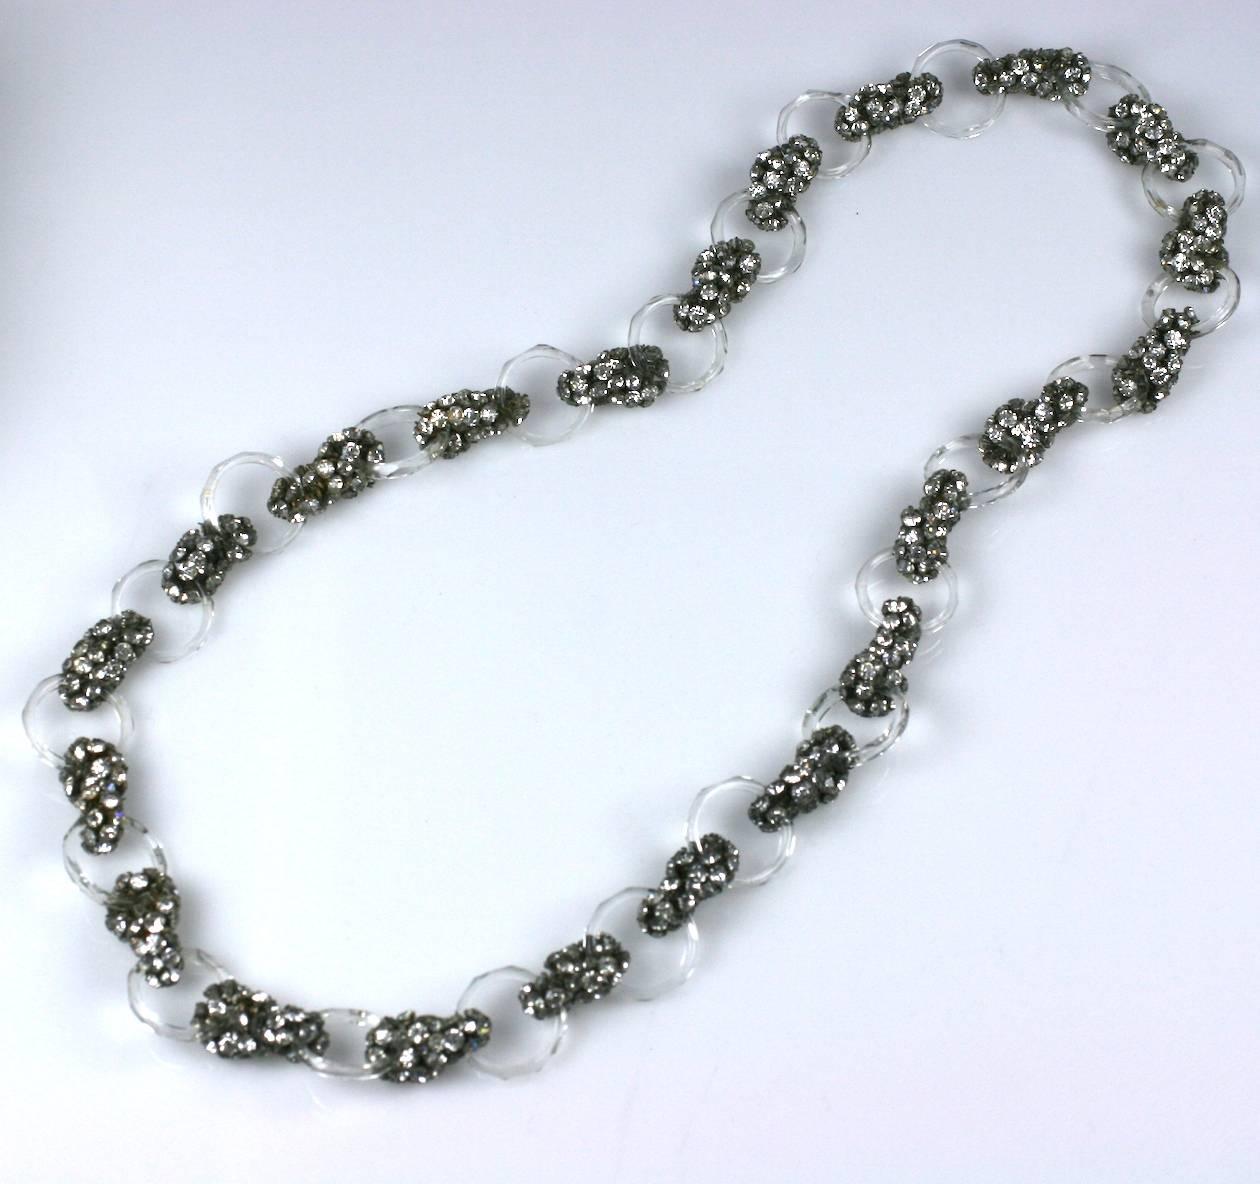 Art Deco Maison Gripoix faceted crystal ring and diamante cluster long flapper style sautoir. Hundreds of hand sewn pastes are used as connectors between the rings. 
This substantial necklace is imitative of the rage for rock crystal and diamond
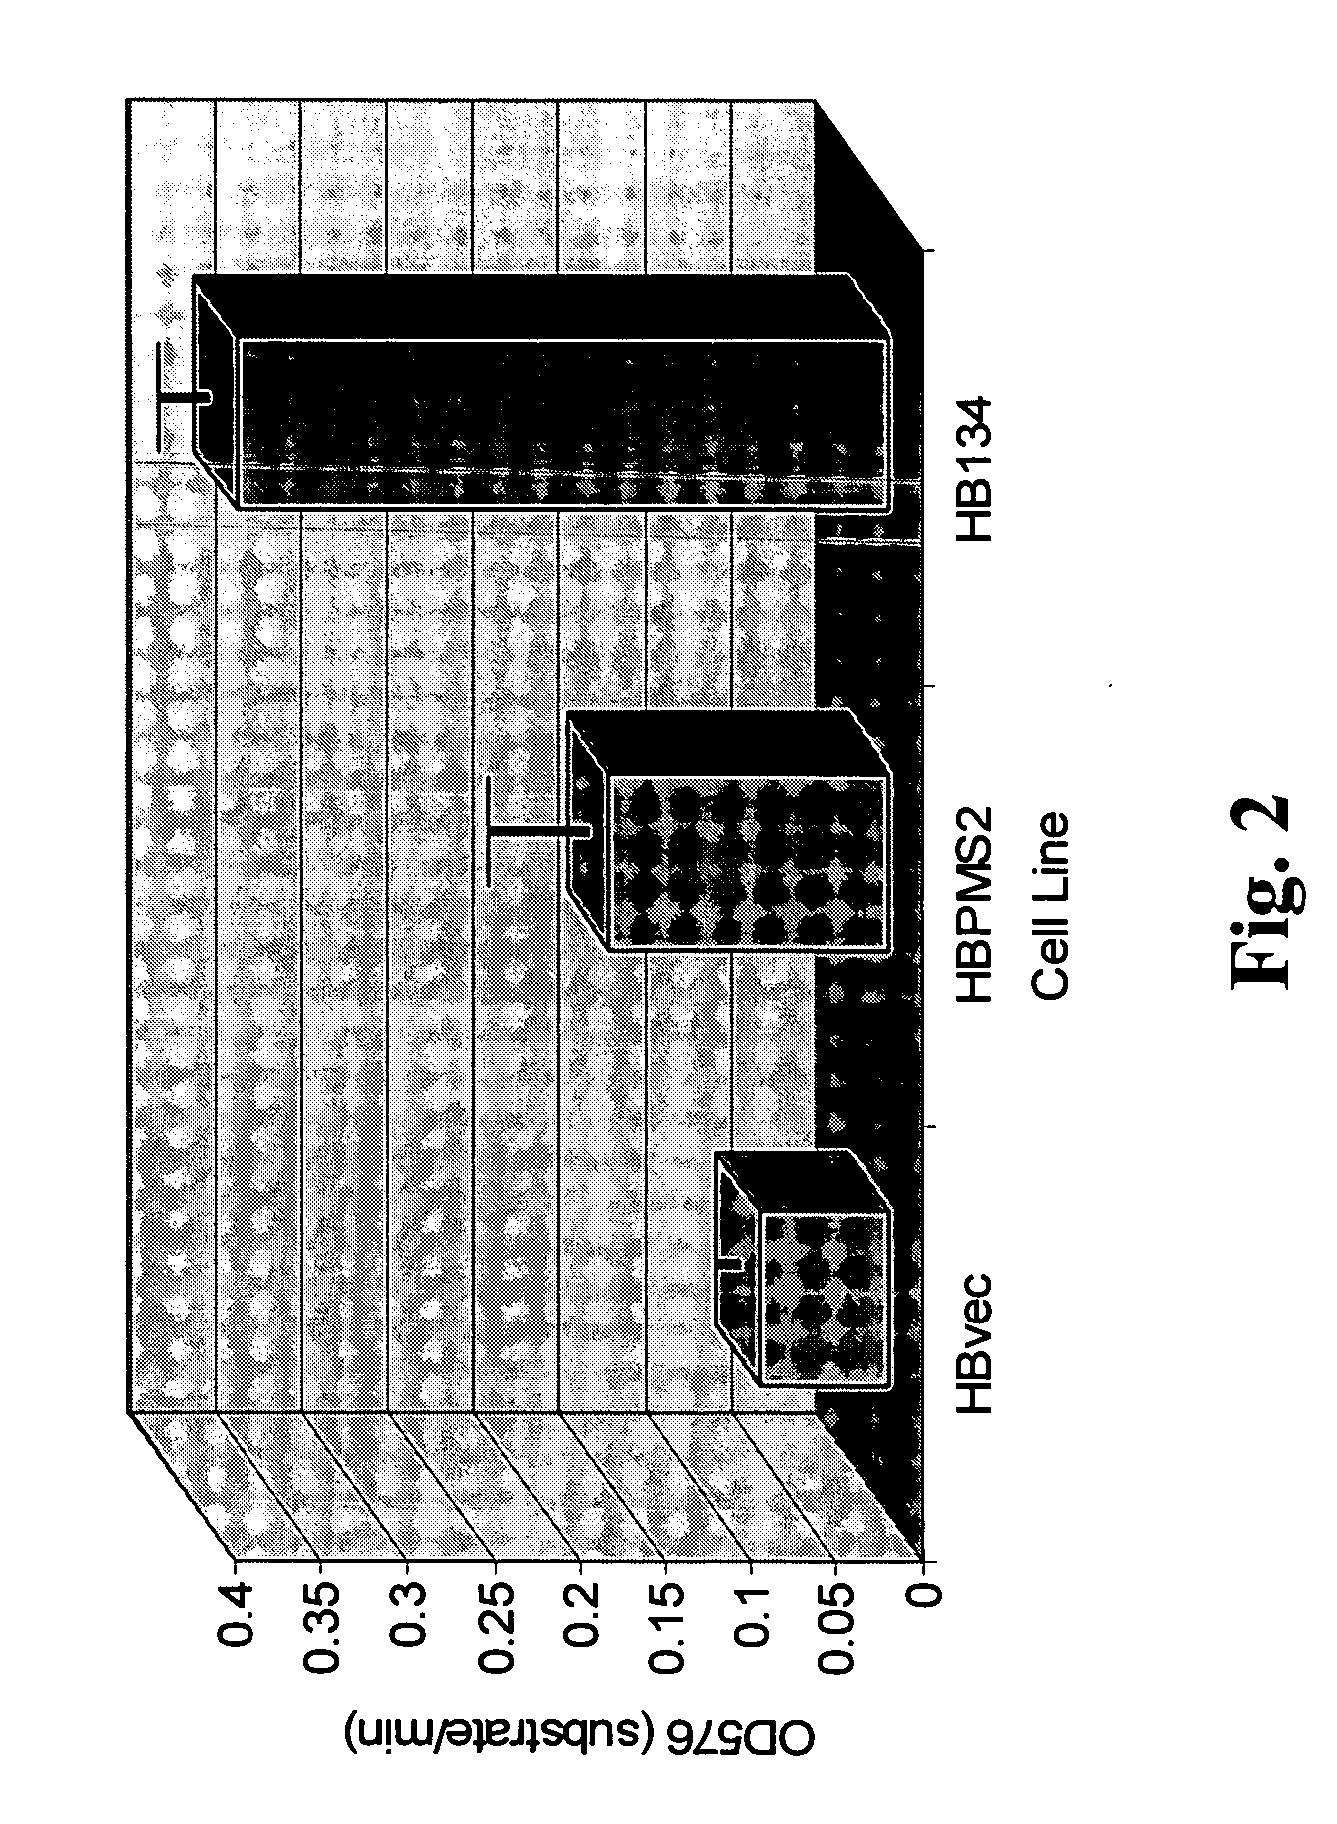 Antibodies and methods for generating genetically altered antibodies with enhanced effector function

○ ○ ○ ○ ○ ○ ○

◆ **Your objective**
The entire listing above is to be copied exactly, with all pictures omitted.

◆ **Exercise response**
 Art Deco Maison Gripoix faceted crystal ring and diamante cluster long flapper style sautoir. Hundreds of hand sewn pastes are used as connectors between the rings. 
This substantial necklace is imitative of the rage for rock crystal and diamond
 Antibodies and methods for generating genetically altered antibodies with enhanced effector function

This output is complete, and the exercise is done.